El R.D.-Ley 11/2020, de 31 de marzo, prevé por un lado una línea de avales que requieren de acuerdo entre el Ministerio de Transportes, Movilidad y Agenda Urbana y el Instituto de Crédito Oficial, para que luego sean las entidades bancarias las que las ofrezcan a las personas en situación de vulnerabilidad económica y social sobrevenida y que, en cualquier caso, no es fácil que opten por esta solución dado su perfil social; y, por otro, unas ayudas directas, más plausibles. Ambas han sido reguladas por sendas Órdenes Ministeriales, que sin embargo, en el caso de las segundas, están pendientes de desarrollo por las Comunidades Autónomas.

¿Qué va a pasar con los juicios de desahucio? 

Aun cuando el Art. 1 del Real Decreto pueda perseguir un fin loable como es la protección de las personas más vulnerables, no resulta muy comprensible que esta función social que debe corresponder al Estado se cargue sobre las espaldas de muchos propietarios, que van a verse avocados a no cobrar la renta durante un periodo muy prolongado de tiempo que seguro va ir mucho más allá de los seis meses previstos de suspensión extraordinaria. Además, hay que tener en cuenta que la protección de las personas vulnerables y la intervención de los servicios sociales ya estaba recogida en el R.D.-Ley 7/2019, de 1 de marzo, por lo que no era estrictamente necesaria una configuración distinta a la existente.

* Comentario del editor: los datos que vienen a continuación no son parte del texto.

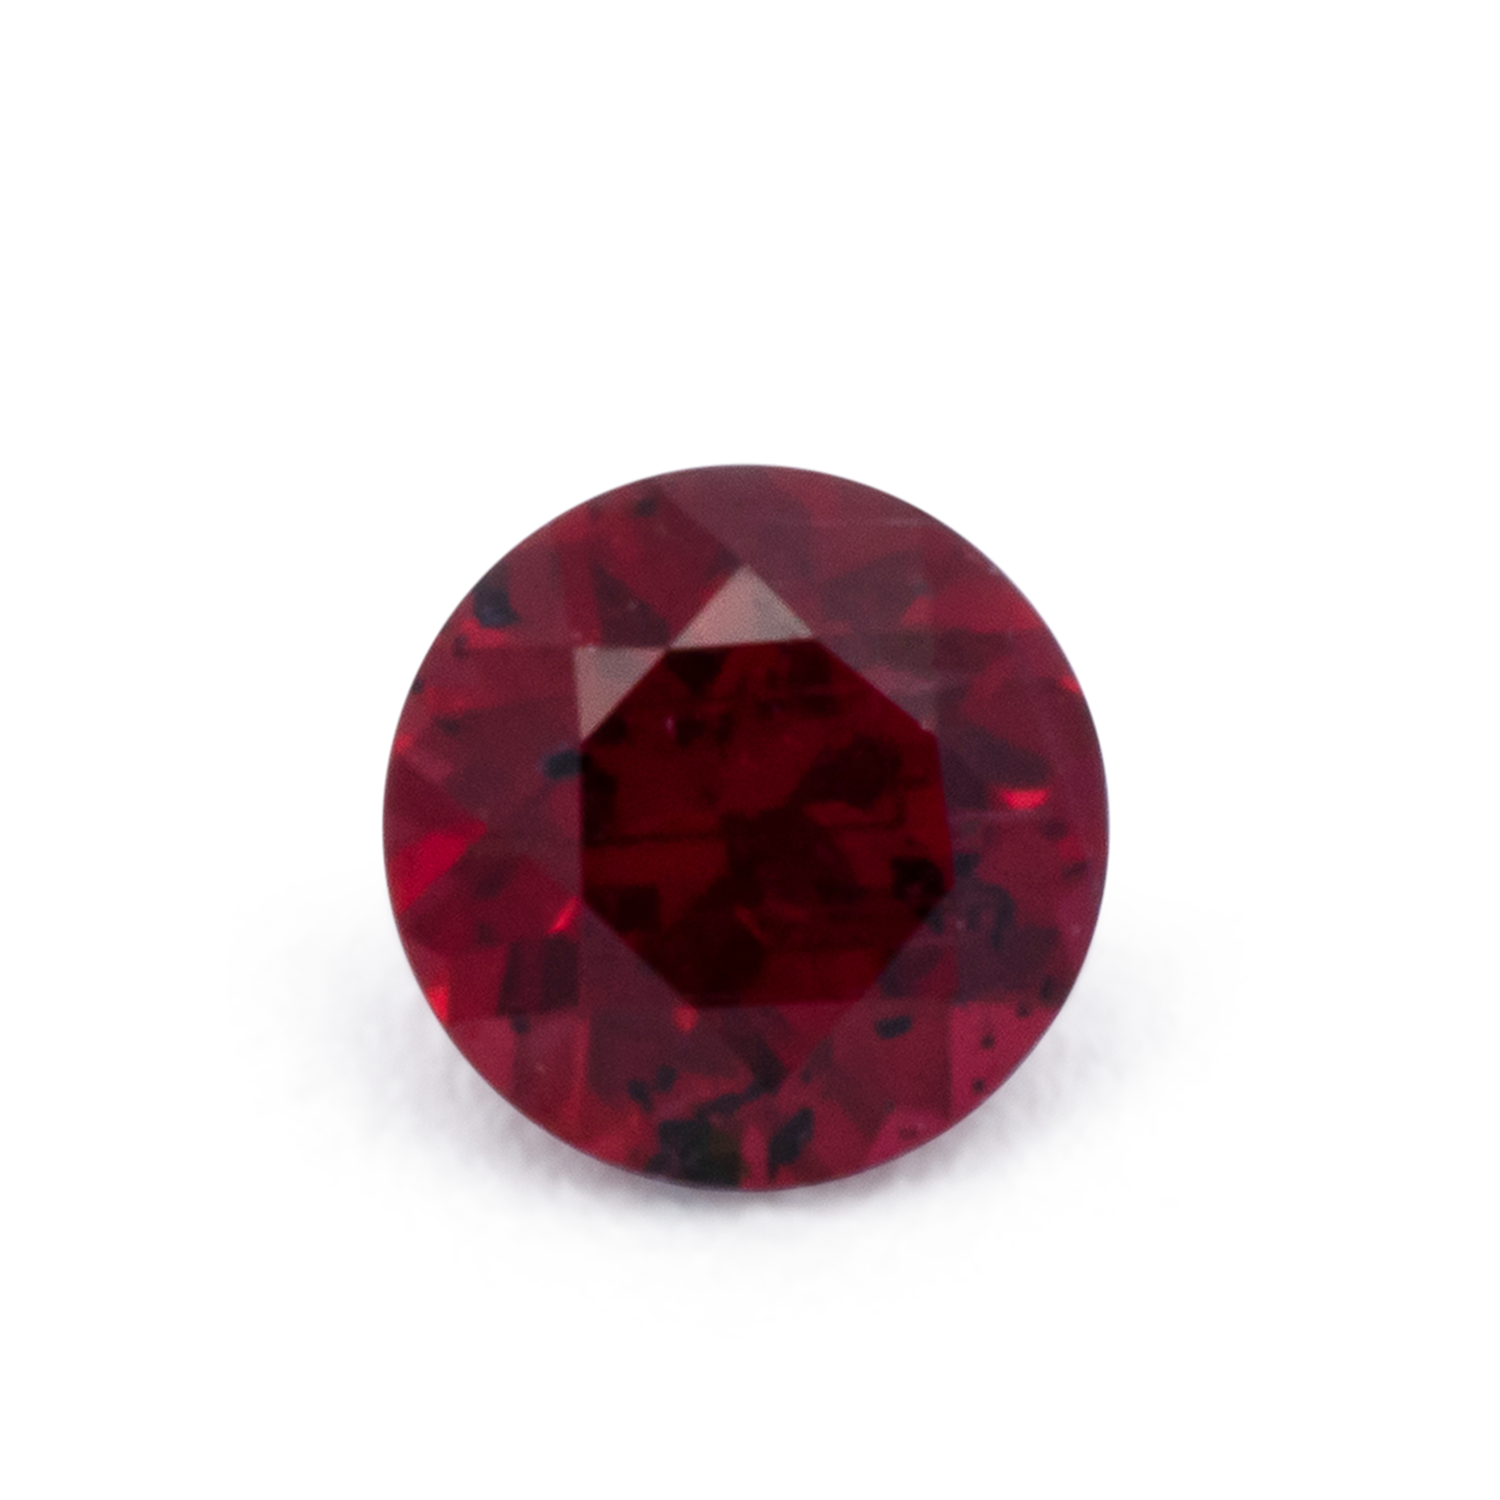 Rubin - rot, rund, 2.25x2.25 mm, 0.06 cts, Nr. RY10012

Curiosamente, ahora van a concurrir dos situaciones de vulnerabilidad distintas. Por un lado, la que se ha venido considerando hasta la fecha en los juicios de desahucio, y por otro, la específica de vulnerabilidad social o económica sobrevenida como consecuencia de los efectos de la expansión del COVID-19, que exige el cumplimiento de los presupuestos recogidos en el R.D.-Ley 11/2020. Creo sinceramente que había otros medios de protección social que no requerían la suspensión, todavía mayor, de muchos juicios de desahucio.

¿Alguna recomendación final?

Se avecinan tiempos convulsos para los contratos de arrendamiento y nuestra labor como abogados es fundamental. Tenemos que hacer un esfuerzo para concienciar a arrendadores y arrendatarios de que el acuerdo entre las partes es la mejor solución posible.